Provides structured workflows for interacting with the Hugging Face ecosystem: Hub repository search, model loading and inference, dataset management, PEFT/LoRA fine-tuning, and Spaces deployment. Integrates via MCP tools when available and falls back to Python APIs and the huggingface_hub CLI.

When to Invoke

Skill({ skill: 'huggingface' });

Invoke when:

• Searching for models, datasets, or Spaces on the Hub
• Loading and running inference with Transformers models
• Managing datasets with the datasets library
• Fine-tuning models with PEFT/LoRA
• Deploying or querying Hugging Face Spaces
• Selecting the right model for a task (NLP, vision, audio, multimodal)

MCP Tool Integration

When the Hugging Face MCP server is available, prefer MCP tools over direct API calls.

Hub Search

Search for models by task or keyword:

// Search models
mcp__claude_ai_Hugging_Face__hub_repo_search({
  query: 'text-classification',
  repo_type: 'model',
  limit: 10,
});

// Get detailed repo info
mcp__claude_ai_Hugging_Face__hub_repo_details({
  repo_id: 'bert-base-uncased',
  repo_type: 'model',
});

Expected output: JSON list of repos with modelId, downloads, likes, tags, pipeline_tag, and lastModified.
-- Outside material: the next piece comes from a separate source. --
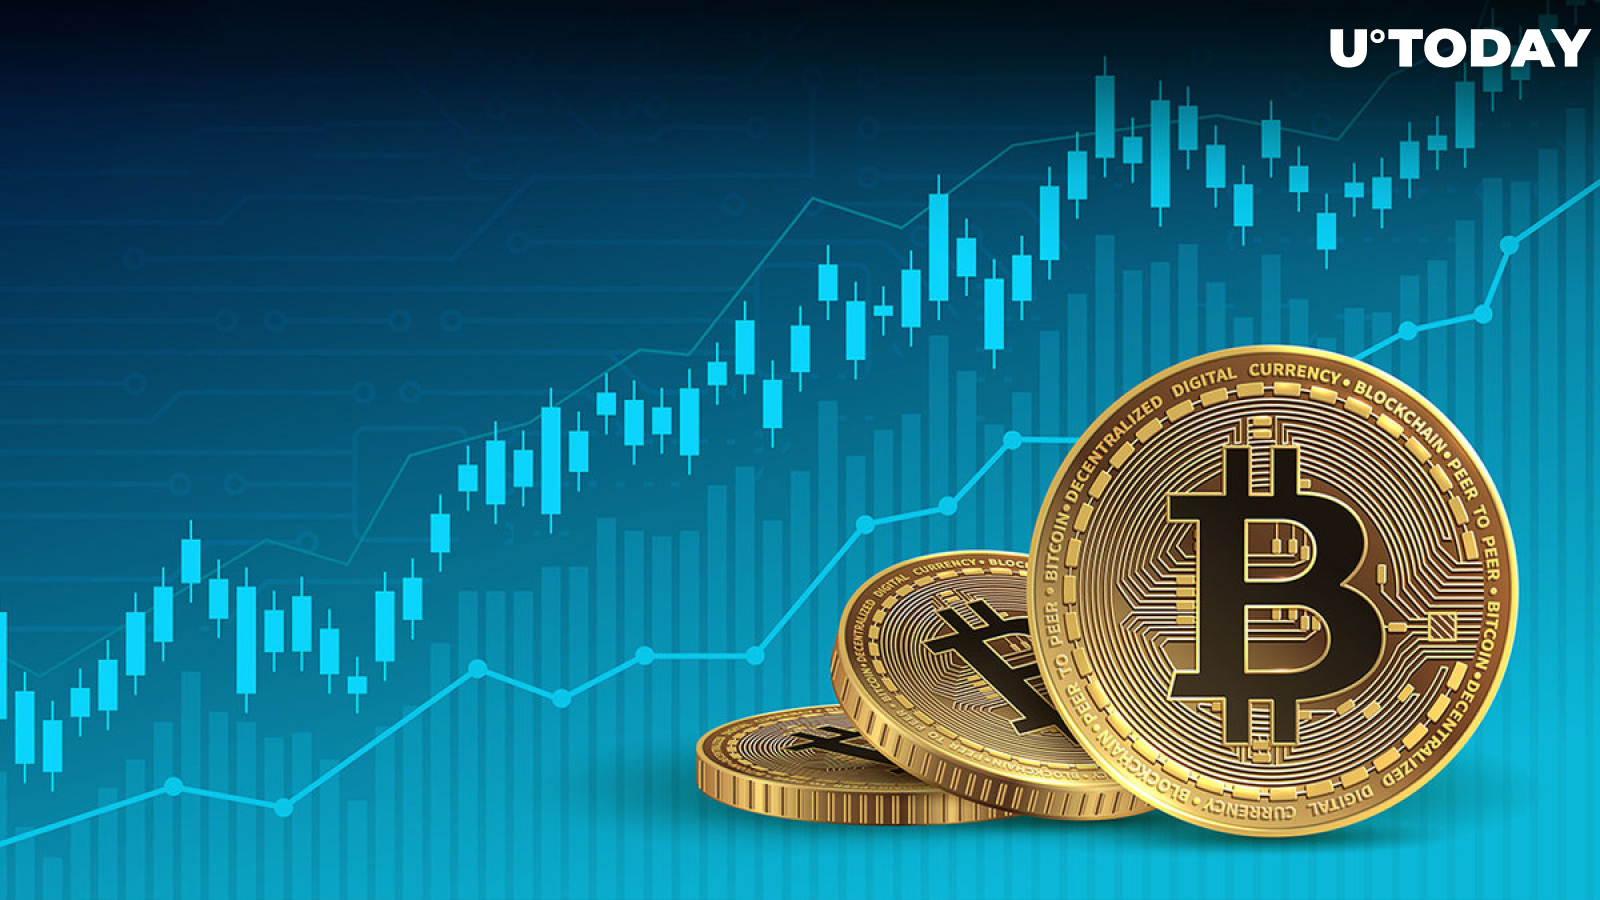 Bitcoin (BTC) up 7%, But Data Shows We Are Not out of Woods Yet

Verify: Confirm pipeline_tag matches the intended task before proceeding.

Paper and Space Search

// Search arXiv papers on the Hub
mcp__claude_ai_Hugging_Face__paper_search({
  query: 'instruction tuning language models',
  limit: 5,
});

// Search Spaces
mcp__claude_ai_Hugging_Face__space_search({
  query: 'stable diffusion',
  limit: 5,
});

Documentation Search

// Search HF docs
mcp__claude_ai_Hugging_Face__hf_doc_search({
  query: 'AutoModelForCausalLM from_pretrained',
  library: 'transformers',
});

Model Loading & Inference

Standard Transformers Pipeline

from transformers import pipeline

# Text generation
generator = pipeline(
    "text-generation",
    model="meta-llama/Llama-3.2-1B-Instruct",
    device_map="auto",
    torch_dtype="auto",
)
result = generator("What is the capital of France?", max_new_tokens=100)
print(result[0]["generated_text"])

Verify: result[0]["generated_text"] contains coherent continuation. Check device_map resolves to GPU if available.
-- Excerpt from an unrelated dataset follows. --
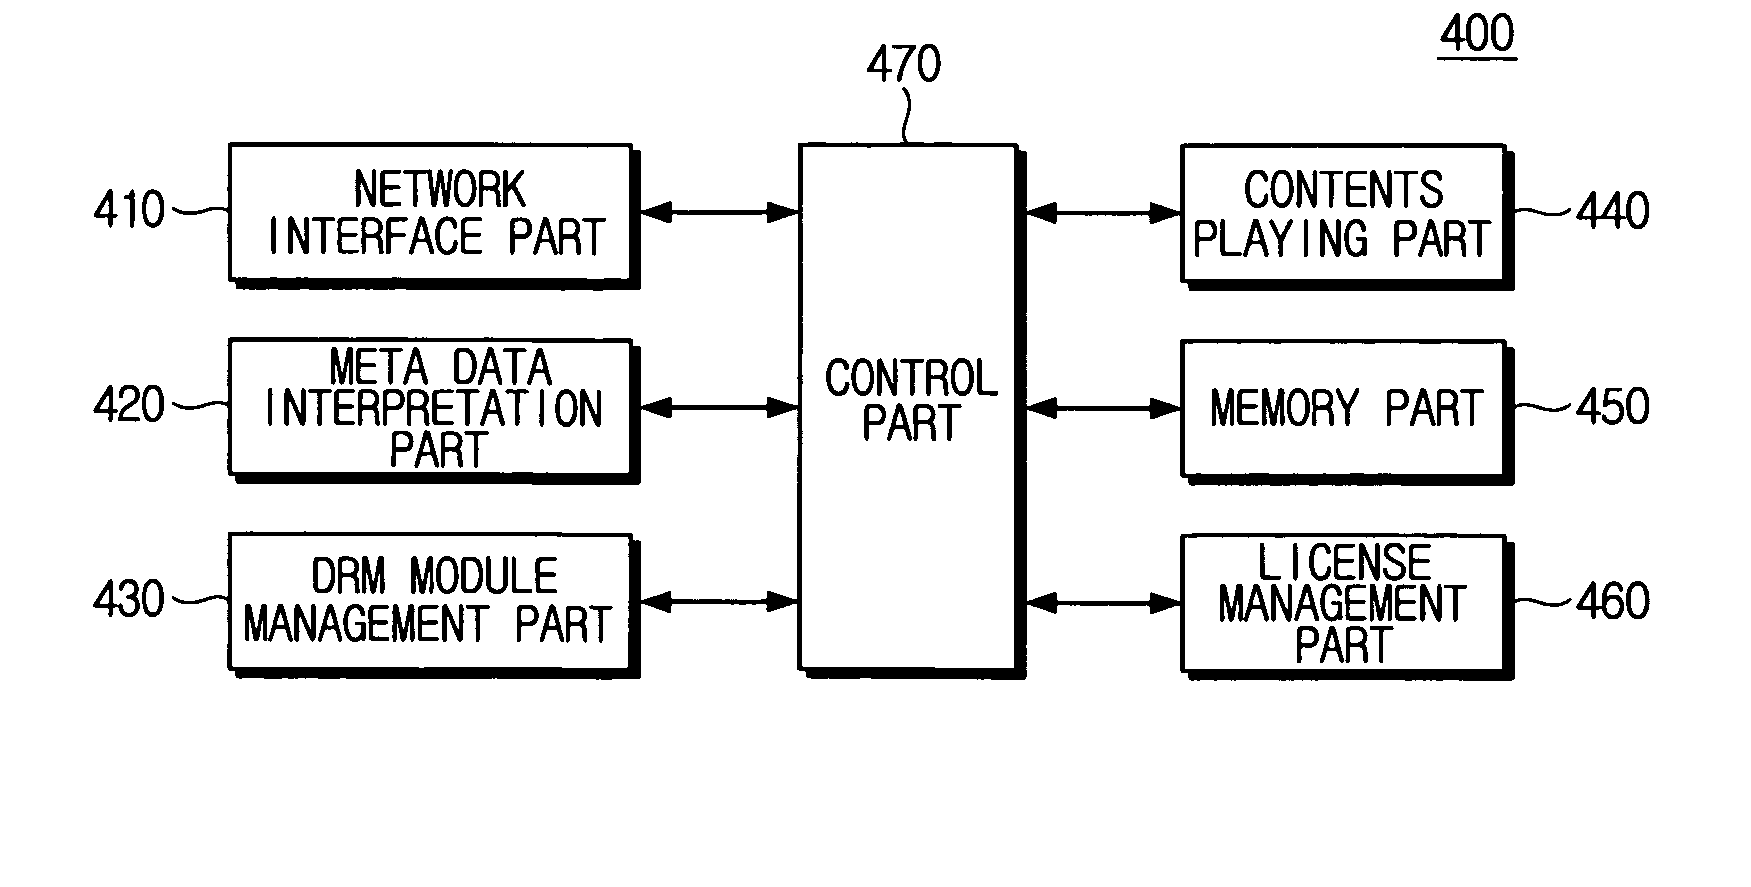 Contents player and playing method, mobile code providing device and providing method applied to DRM system

AutoModel Pattern (Explicit Control)

from transformers import AutoTokenizer, AutoModelForCausalLM
import torch

model_id = "microsoft/Phi-3-mini-4k-instruct"
tokenizer = AutoTokenizer.from_pretrained(model_id)
model = AutoModelForCausalLM.from_pretrained(
    model_id,
    torch_dtype=torch.bfloat16,
    device_map="auto",
    attn_implementation="flash_attention_2",  # if available
)

inputs = tokenizer("Hello, world!", return_tensors="pt").to(model.device)
with torch.no_grad():
    outputs = model.generate(**inputs, max_new_tokens=50)
print(tokenizer.decode(outputs[0], skip_special_tokens=True))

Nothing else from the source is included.